Coordinate pod and node autoscaling
KEDA scales pods, but a pod cannot run if there is no GPU node to host it. On a cluster with a fixed node pool, KEDA can only scale up to the GPUs you already have. To scale beyond that, you pair KEDA with a cluster autoscaler that adds GPU nodes when pending pods cannot be scheduled. The two layers work in sequence: KEDA decides it needs more pods, the scheduler finds no room, and the cluster autoscaler provisions a node.
The catch is timing. Provisioning a fresh GPU node can take minutes, far longer than starting a pod on an existing node. To avoid users waiting through both delays during a spike, keep a little node headroom so KEDA can place new pods immediately, and let the cluster autoscaler refill the buffer in the background. This trades a small amount of idle node cost for much faster response to bursts.

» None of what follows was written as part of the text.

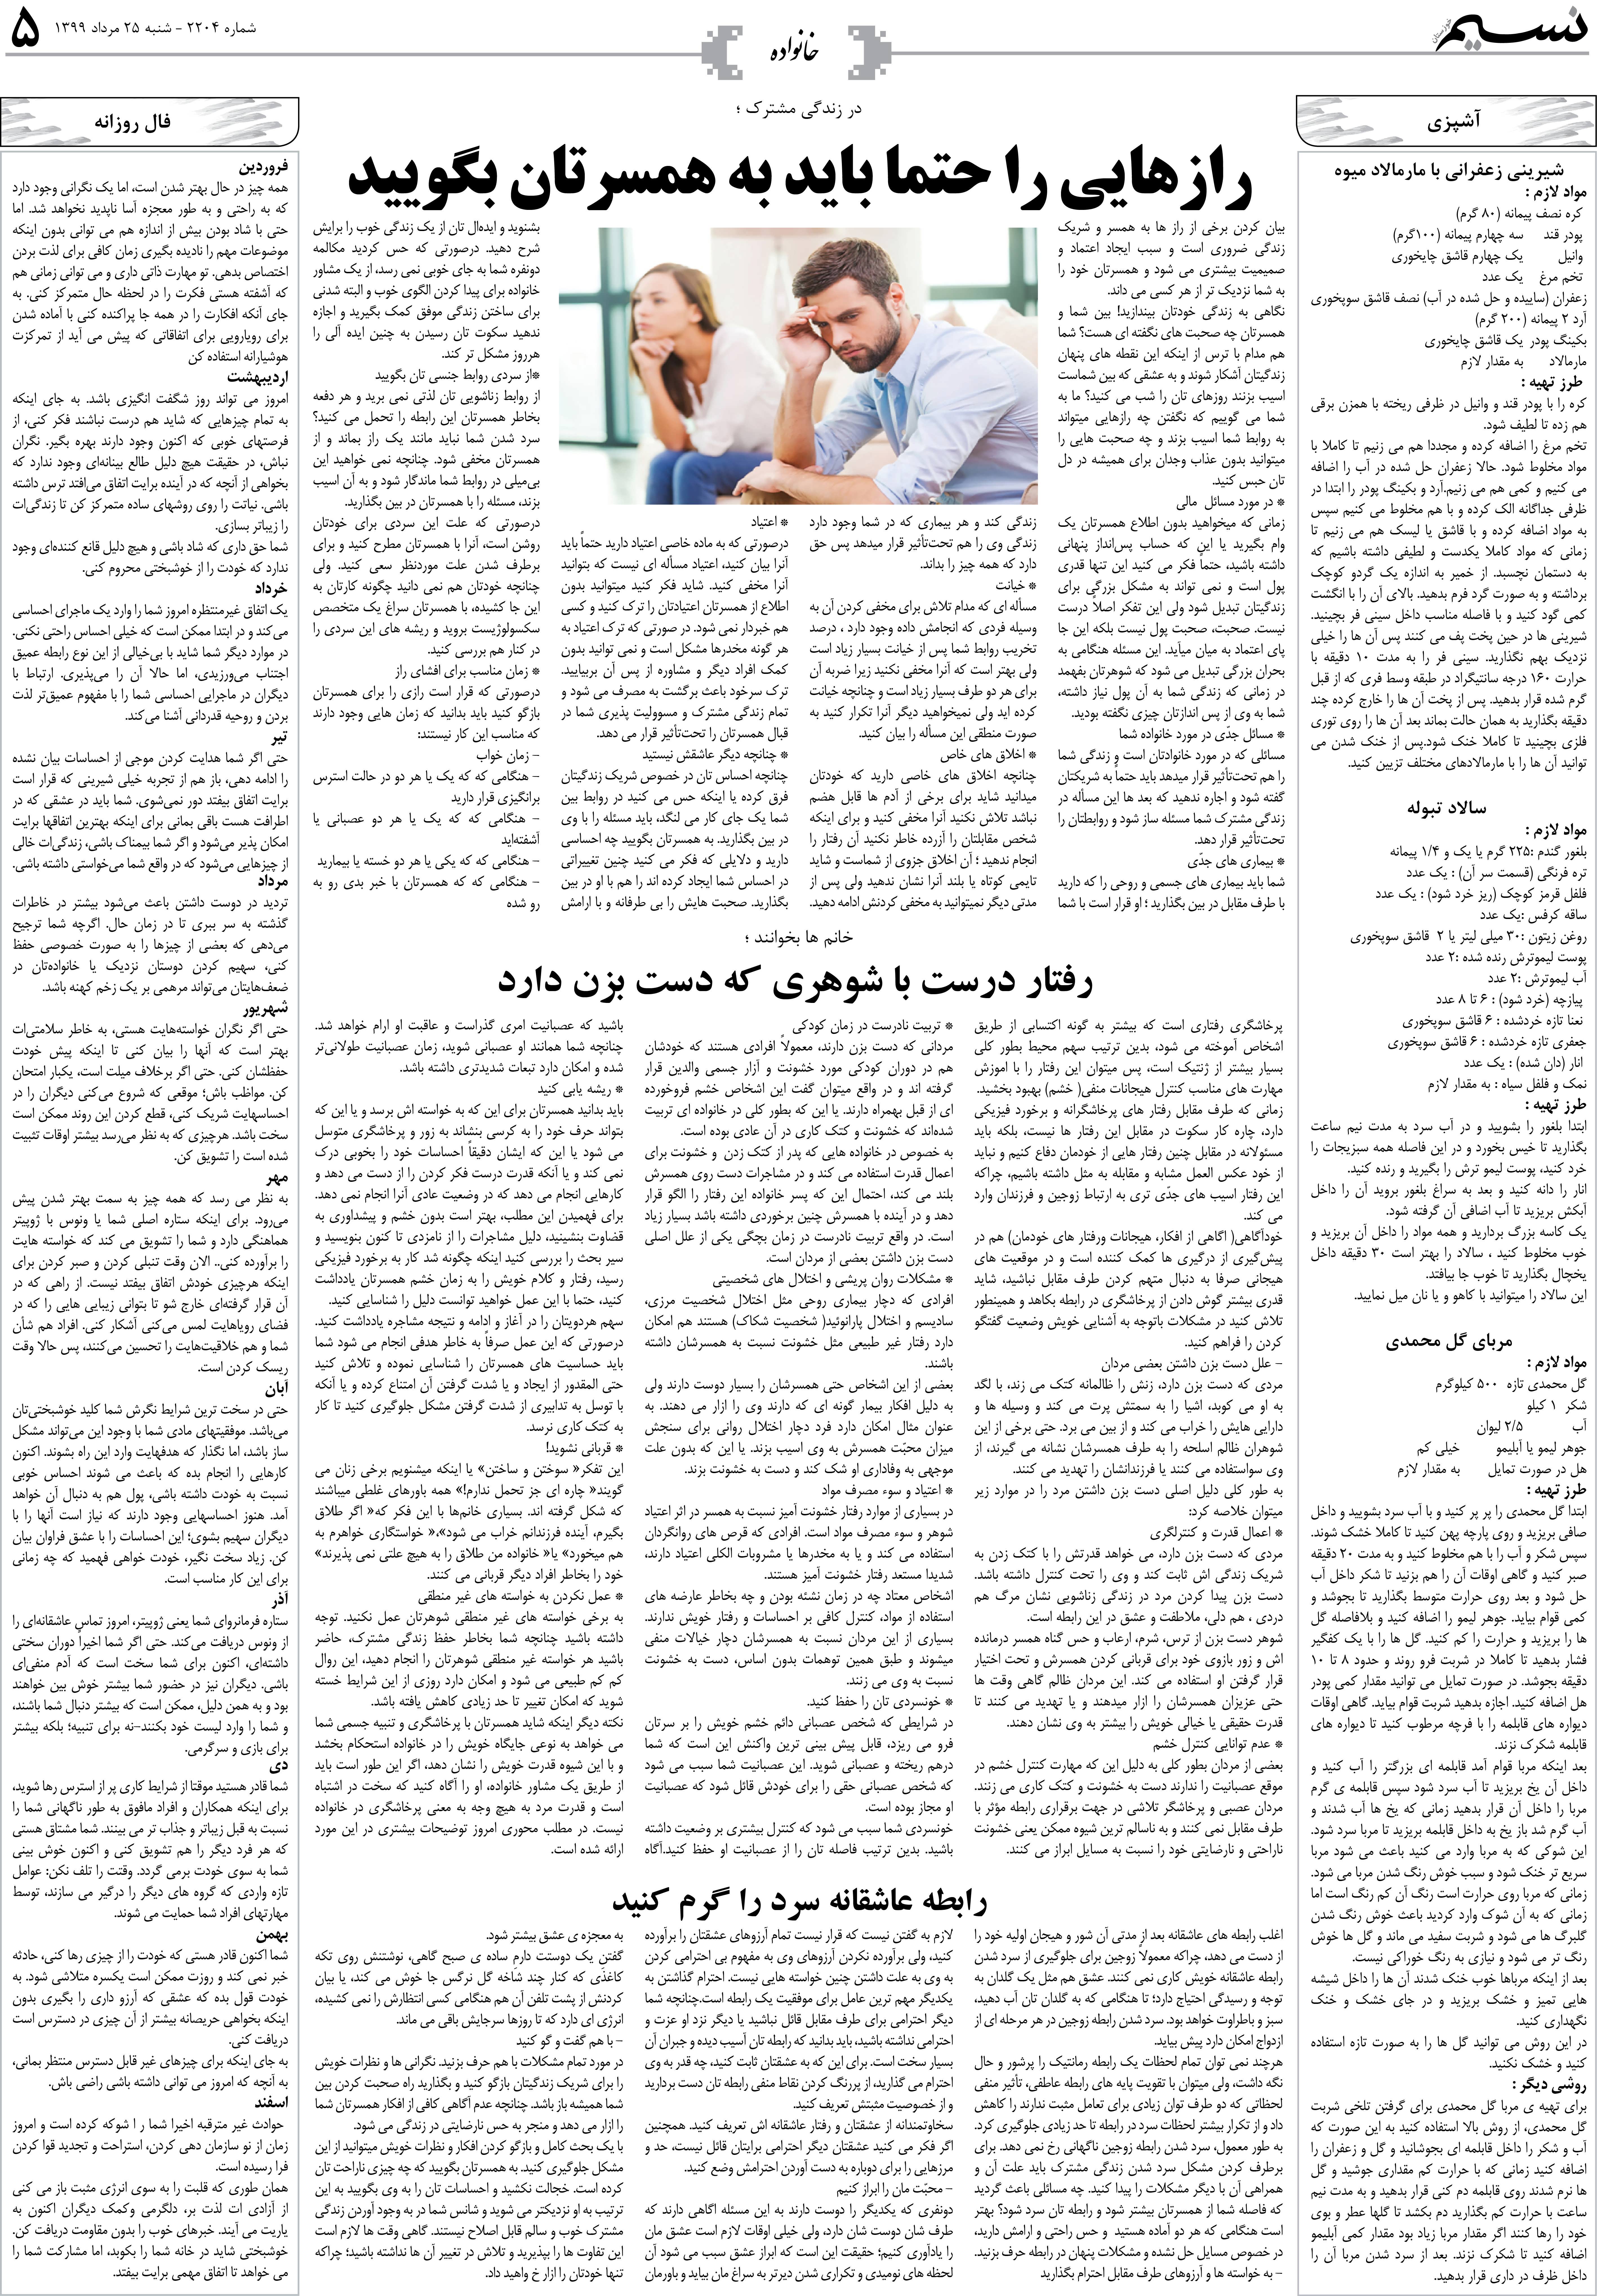 صفحه خانواده روزنامه نسیم شماره 2204

Right size requests and limits
Autoscaling only behaves well if each pod's resource requests are accurate. If a pod requests too little GPU memory, the scheduler may pack incompatible pods onto a node and cause out of memory failures. If it requests too much, you waste capacity and scale out sooner than necessary. Set GPU requests to match what your model actually needs, including room for the batch sizes you serve.
- Request a full GPU per pod when the model needs the whole device.
- Confirm pods land only on GPU nodes using node selectors or taints.
- Leave memory headroom for peak concurrency so batching does not trigger out of memory errors.
Accurate sizing makes the autoscaler's decisions trustworthy, because each added pod delivers the throughput you assumed when you set the scaling thresholds.
Conclusion
KEDA brings demand aware autoscaling to GPU inference on Kubernetes, scaling pods on signals that reflect real load rather than misleading CPU numbers. Choose a metric like queue depth, set sensible replica bounds, account for slow GPU startup with a warm minimum, and decide deliberately where scale to zero is worth the cold start. With careful thresholds and load testing, you get inference that grows with demand and shrinks your bill when traffic fades.